Chegando na tal seção de ferramentas, tive quase uma epifania. Nas prateleiras, a quantidade de equipamentos e objetos absolutamente desconhecidos por mim era espantosa. Minha ignorância sobre suas utilidades – e, na maior parte dos casos, a falta da mais vaga idéia sobre seu emprego – fizeram com que eu os percebesse apenas como objetos materiais, formas desprovidas de significado. Imediatamente, meu cérebro começou a achar usos para aqueles trastes todos, e a visita à Loja de Material de Construção ganhou um aspecto lúdico inesperado. Misturadores de tinta que se pareciam com esquis para anões, serras elétricas portáteis que pareciam discmen pré-históricos, ventosas para pegar vidro que pareciam o telefone usado pelo comissário Gordon para chamar o Batman (veja foto acima) Mas... espera aí. Ventosas ? Várias imagens do Homem-Aranha vieram à mente, e comecei a pensar em quantas daquelas ventosas eu precisaria para escalar uma parede vertical.

Logo, ninguém mais me segurava. Vesti o cinto de ferramentas, e imaginei-me dando aula com vários gizes e apagadores pendurados na cintura. Pus uma máscara de soldar preta e gritei “Nooooooooo”, como Darth Vader em O Retorno de Jedi (http://bit.ly/bTSPh5 ), para espanto de uma família que passava pelo corredor justo naquela hora. Finalmente, topei com uma prateleira de verdadeiras bazucas, cujo uso descobri assustado, ao ligar uma delas por engano. Tratava-se de um soprador de folhas – um soprador de folhas ! Pode existir algo mais divertido que um soprador de folhas ? Imaginei-me passeando pelos corredores da Editora Scipione com meu soprador de folhas, conturbando o ambiente, provocando um verdadeiro tornado no setor de entrega de originais.

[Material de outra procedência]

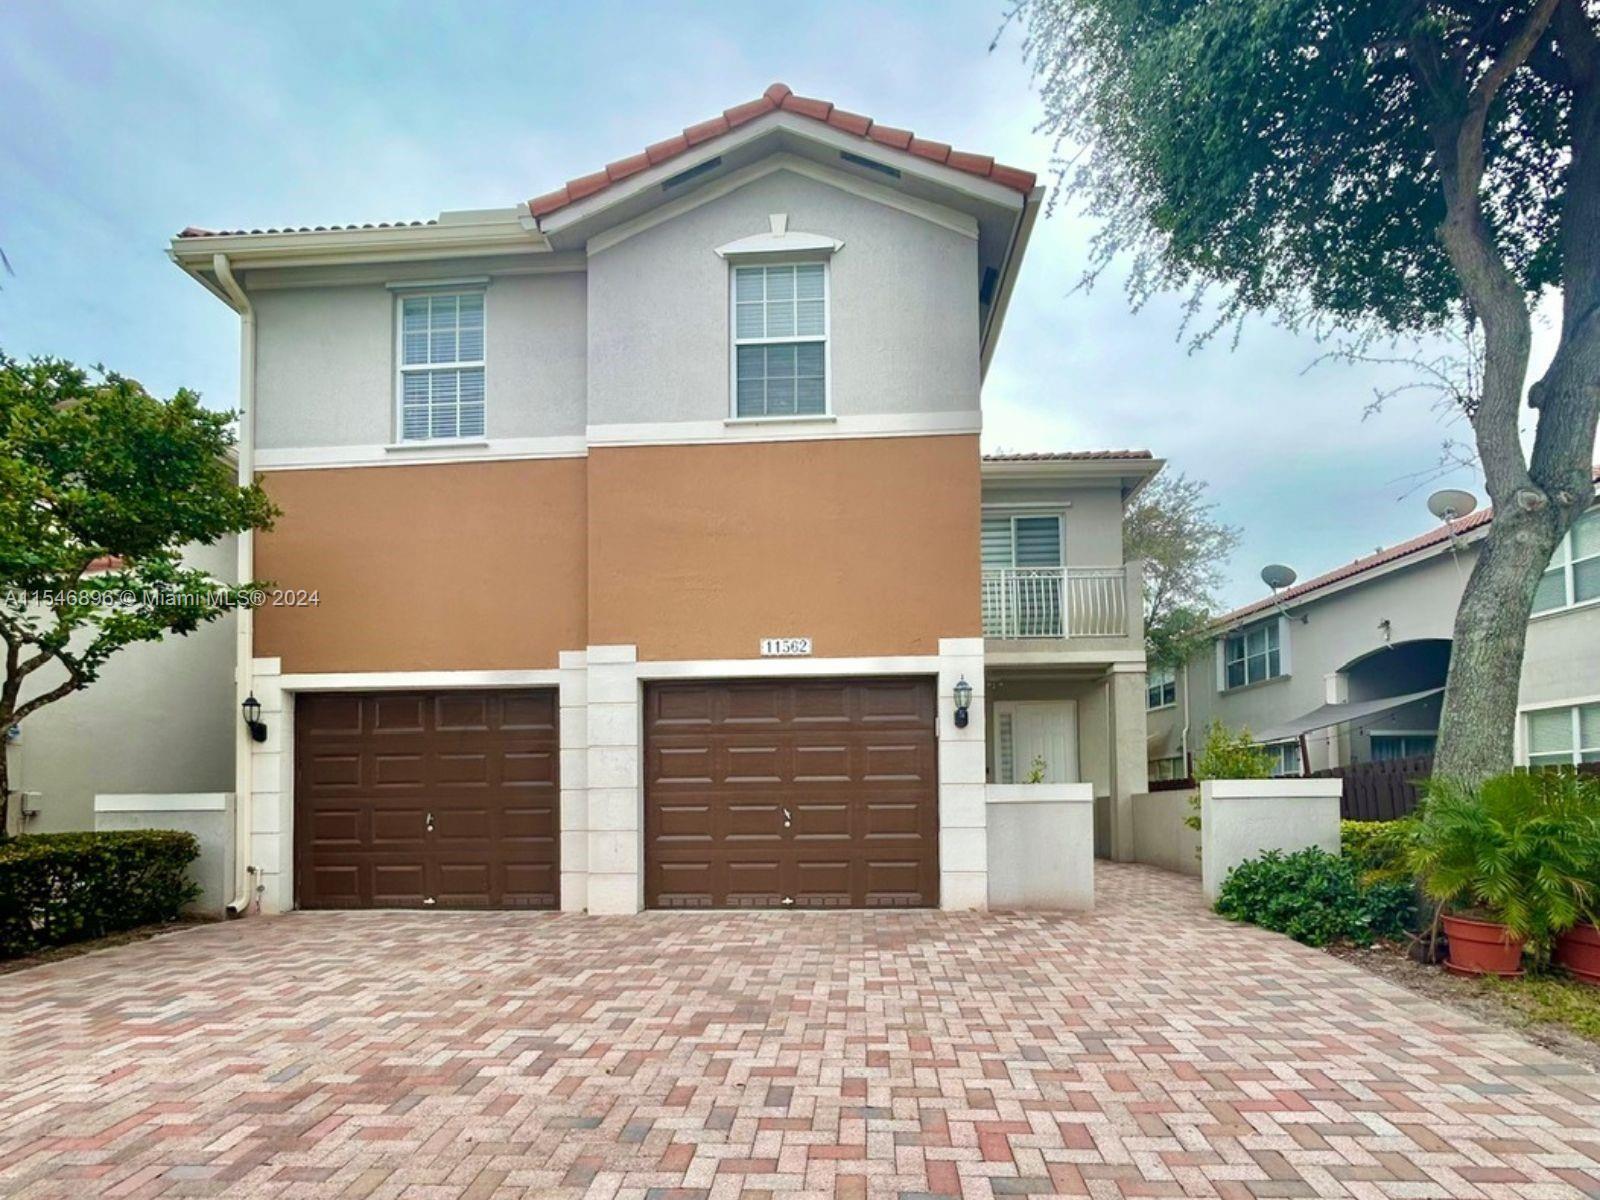 Photo of 11562 NW 80th St #11562 in Doral, FL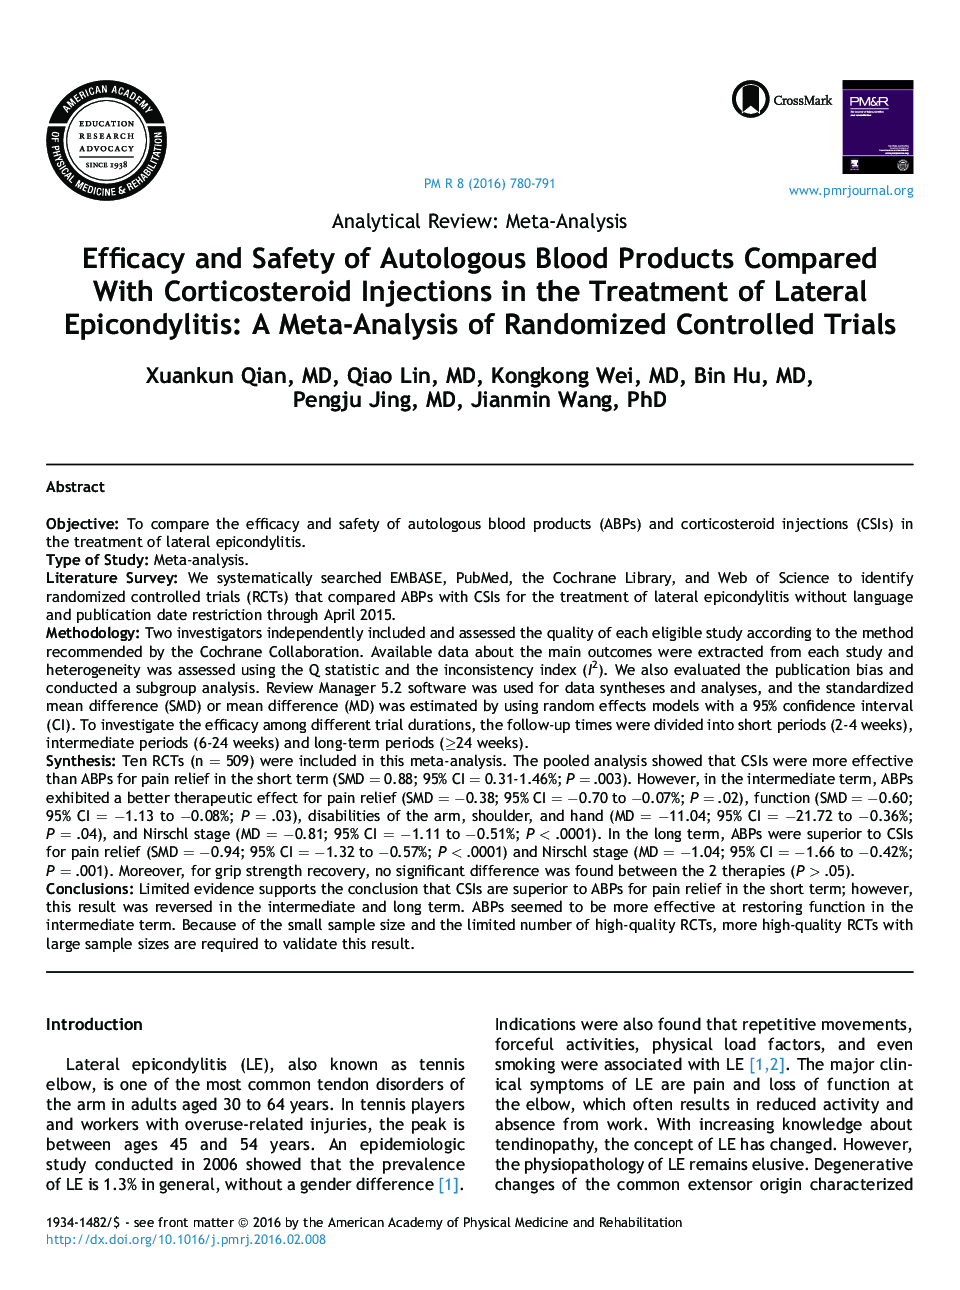 Efficacy and Safety of Autologous Blood Products Compared With Corticosteroid Injections in the Treatment of Lateral Epicondylitis: A Meta-Analysis of Randomized Controlled Trials

Fiz as minhas compras feliz e contente, saí de alma lavada, ansioso para usar ou instalar todos os trastes que acabei comprando. E aí está o ponto. Qualquer trabalho torna-se interessante quando nele se descobre um aspecto lúdico. Qualquer ocupação ou serviço é interessante quando se projeta nele o humano, seja na forma da relação pessoal (“fazer amiguinhos”), do lidar com objetos (“brincar de construção”) ou simplesmente, jogar com as coisas. Ganho a vida brincando de professor e escrevendo textos para publicação. Escrevo como se estivesse fazendo uma redação para a tia corrigir, e como nem todas as vezes ela me dava 10, tenho que continuar tentando. Sempre.

5 comentários:

Renata Zortéa disse...

Gian, quando vc for dar aulas com as ventosas por favor me avisar!
hahahahaha Ri alto agora!

Beijos.

nayla disse...

hahahaha!excelente!
dica: loja artigos para pescaria

Guilherme disse...

Gian,
fui seu aluno no Anglo em 2008. Você foi o melhor professor que tive na vida. Não há dúvida.
De vez em quando entro em seu blog para ler suas idéias.
Esse meu comentário, na verdade, é um pedido. História é a matéria que mais gostei do Ensino Médio. Você, como professor de história, comenta em aula vários lugares históricos da Europa que valem a pena conhecer e que foram palco de importantes eventos do passado. Lembro-me, por exemplo, de você ter mencionado a Mortalha de Verdun, que até hoje se mantém. Peço-lhe, por favor, que escreva um artigo no blog com alguns locais da Europa muito legais com algum comentário sobre o evento que ali ocorreu. O que você acha da idéia?
Abraço, Guilherme.

Sentir disse...

Excelente pausa do meu estudo!!! Como me diverti lendo isso....rir espontaneamente é tão bom , e tão raro pra mim! Adorei!

Mariana Teresa Galvão disse...

É... apesar de engraçadinho, um certa indignação (fazia tempo que não frequentava o blog) me subiu ao ler o texto. Qualquer trabalho se torna interessante quando se vê seu aspecto lúdico se as pessoas tiveram a chance de escolher por tal trabalho.

Mas aí, são outros quinhentos. Só estou exercendo meu lado de estar sendo chata.